Hello, if you have any need, please feel free to consult us, this is my wechat: wx91due


PA1: Address Spaces and Resource Usage Monitoring
CMPSC 473, Fall 2024
Release: Sep 10, 2024. Due: Sep 26, 2024 11:59:59pm

1 Goals

This programming assignment(PA1) has three main goals. First, you will learn in concrete terms what the different segments of a virtual address space(or simply address space) are. Second, you will learn to use three Linux facilities - /proc, strace, and getrusage - to record/measure certain aspects of process resource usage. Finally, we hope that PA1 will serve to refresh your understanding of(or make you learn in case you lack it) :(i) logging into a Linux machine(ssh, VPN, 2FA) and using basic Linux shell and commands,(ii) compiling a C program(gcc, make) , creating/linking against libraries,(iii) debugging(gdb) and(v) using Linux man pages(the man command) . All of these are good programming and experimental analysis practices that we would like you to follow throughout this course(and beyond it).
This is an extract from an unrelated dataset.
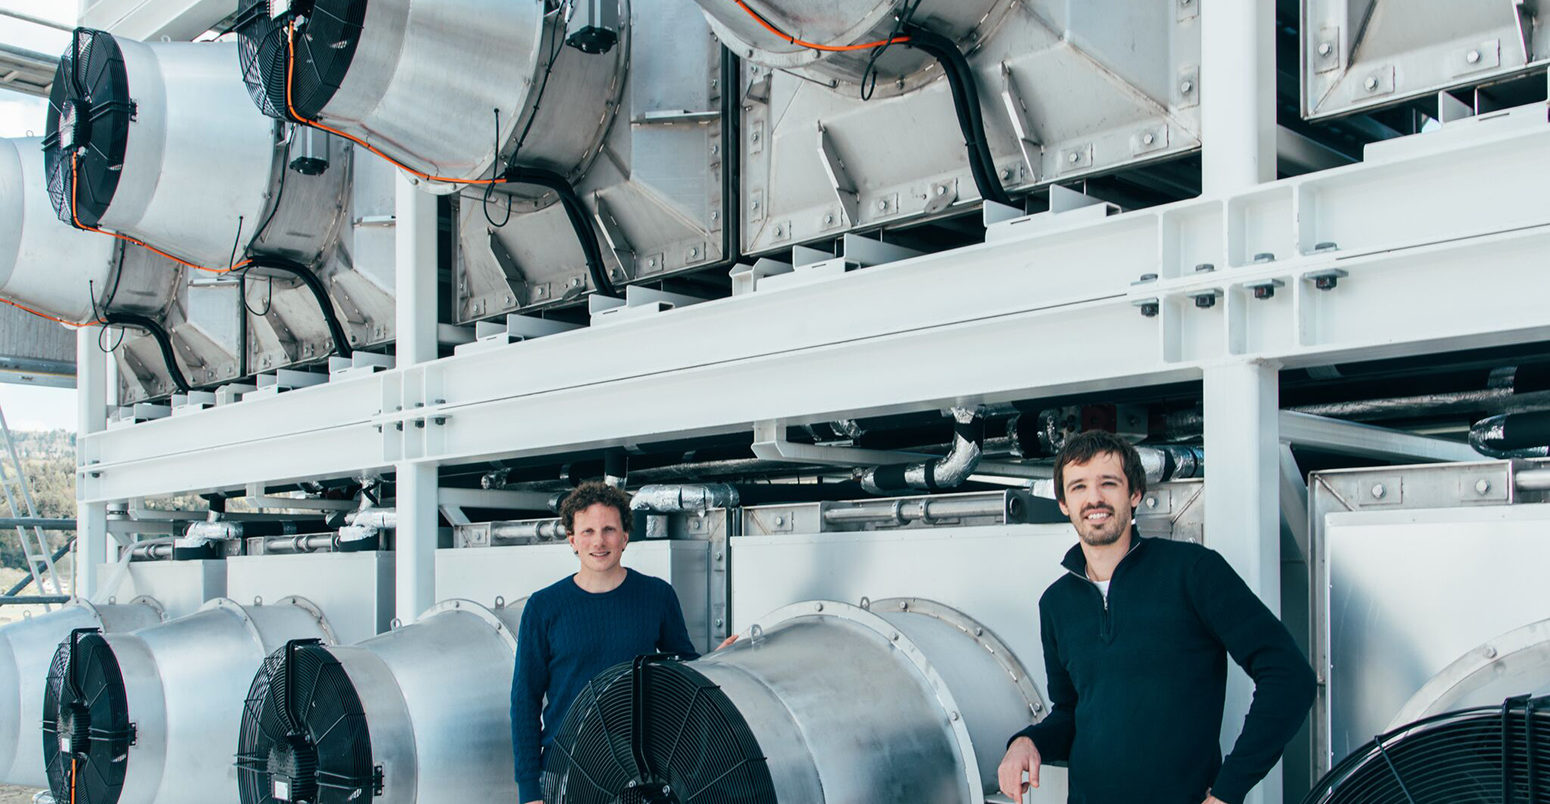 Climeworks direct air capture plant founders Christoph Gebald and Jan Wurzbacher onsite
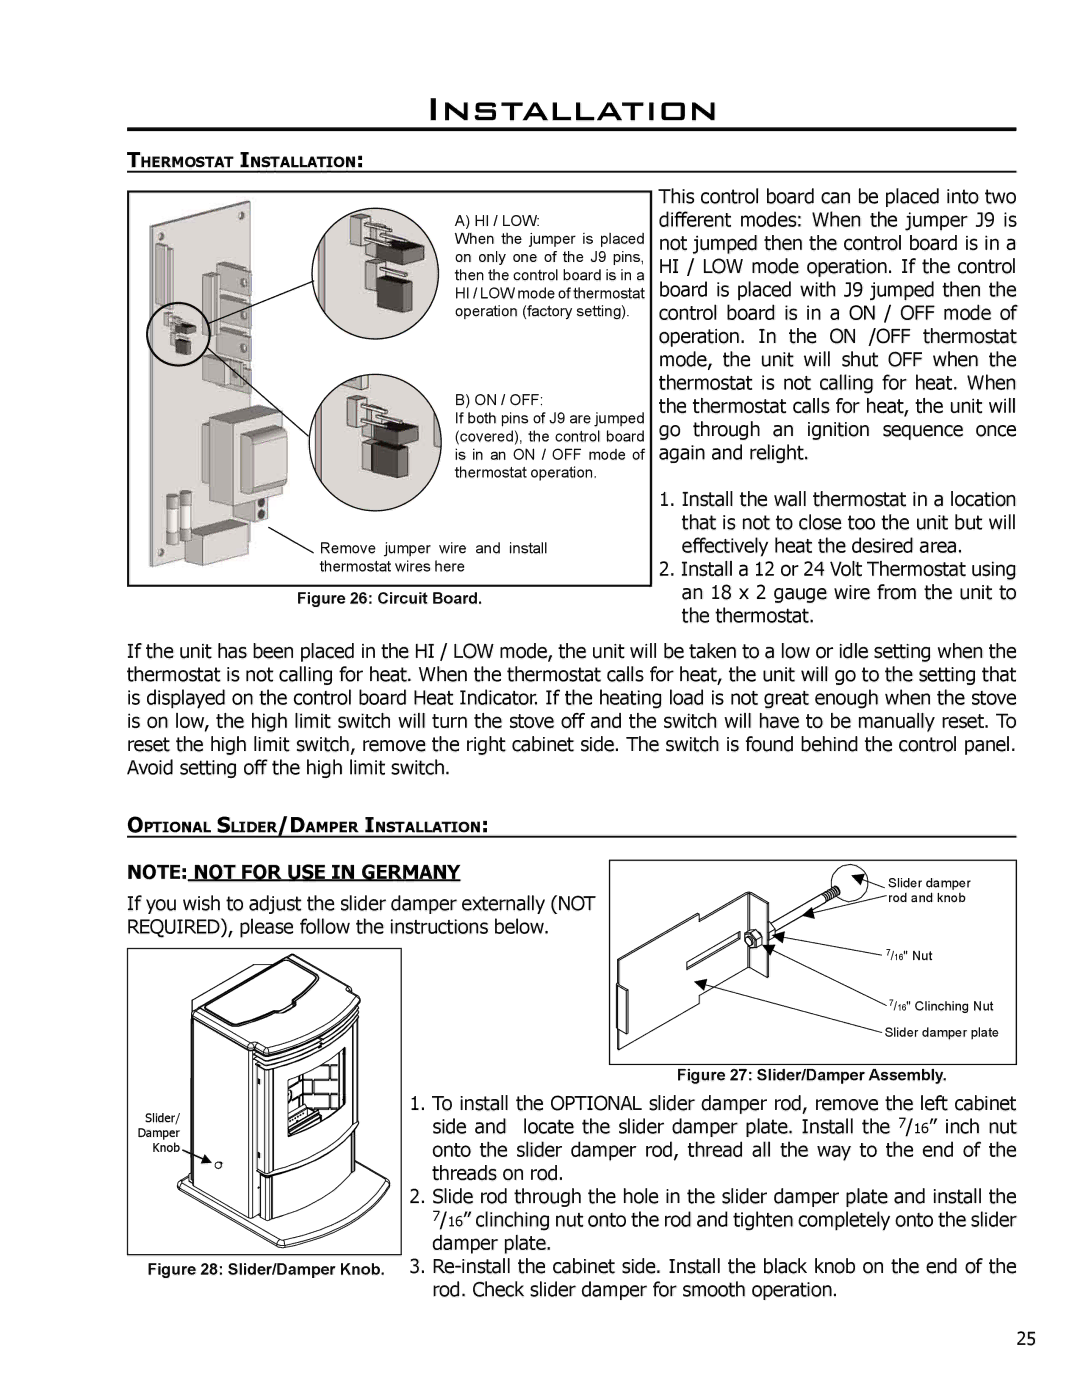 Enviro C-10608 If you wish to adjust the slider damper externally not, REQUIRED, please follow the instructions below

For PA1, you are welcome to do your own research and use the internet for your research as long as you acknowledge them (in the essay type questions in the Canvas quiz). However, you are not allowed to discuss with anyone else except your project partner and the CMPSC 473 staff. You’re welcome to refer to the cheatsheet at the end of this document and a real time version of it at Cheatsheet.

2 Getting Started

Project group: You are welcome to create project groups of up to 2 members. You can work solo as well. Only one member from a project group will submit the Canvas quiz. Include your project partner’s psu ID in the appropriate field in the Canvas quiz.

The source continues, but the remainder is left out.